I run start up control panel by Mike Lin having disabled the MS one because my voice recording was not automatic with MS and I interview people (pain to have interviewed someone for an hour on a technical issue and not have the recording).

I will keep looking but am very suspicious at these catch all solutions which suggest you down load a scanner for free, have the machine scanned and then they want $30 and still nothing works. 

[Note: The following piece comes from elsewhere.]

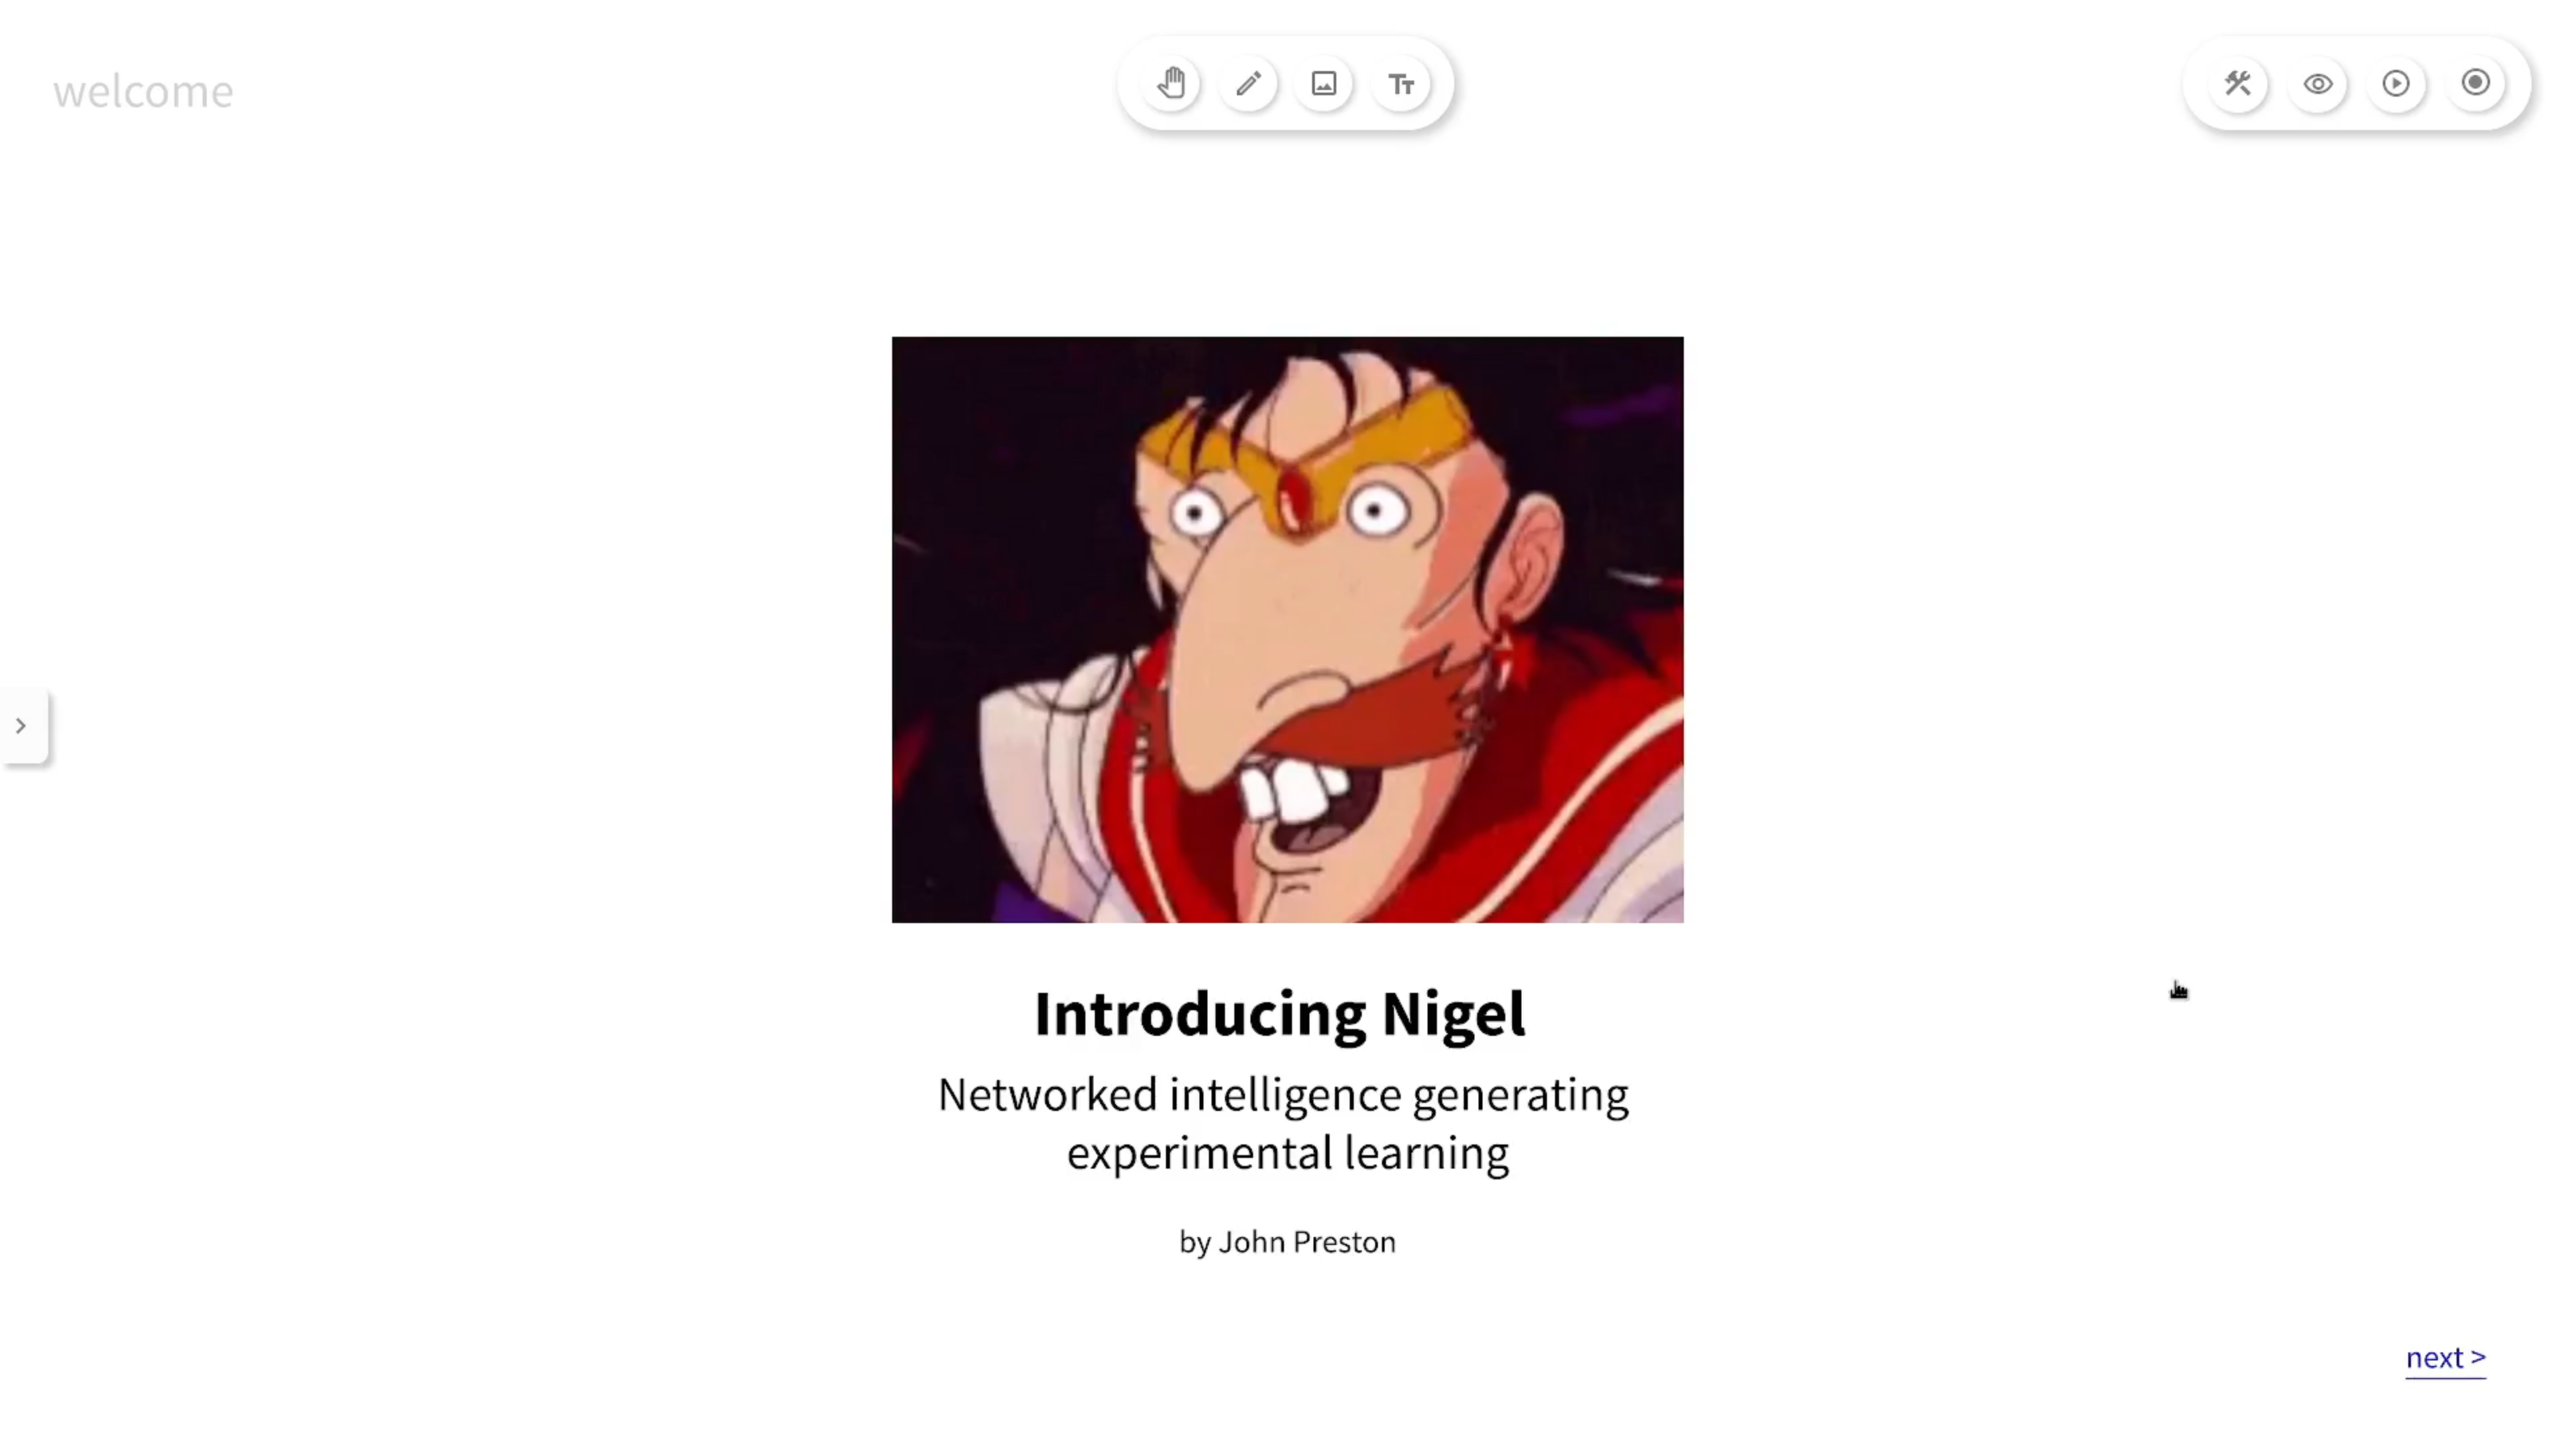 Introducing Nigel

Again hope this is OK to ask here. 

Mark

----------


## Paul

I'd recommend posting issues like this at a malware forum (e.g. malwarebytes, avast, etc).  Or e-mail support(at)conduit.com.  From what I've briefly read, Conduit doesn't make the toolbars, it just provides the platform that others use to build interfaces to the various browsers (IE, Chrome, FF, etc).

----------


## Domski

It might also be worth running SuperAntiSpyware and Spybot Search&Destroy. Both are excellent at detecting and removing malware.

Dom

----------


## OnErrorGoto0

> I will keep looking but am very suspicious at these catch all solutions which suggest you down load a scanner for free, have the machine scanned and then they want $30 and still nothing works.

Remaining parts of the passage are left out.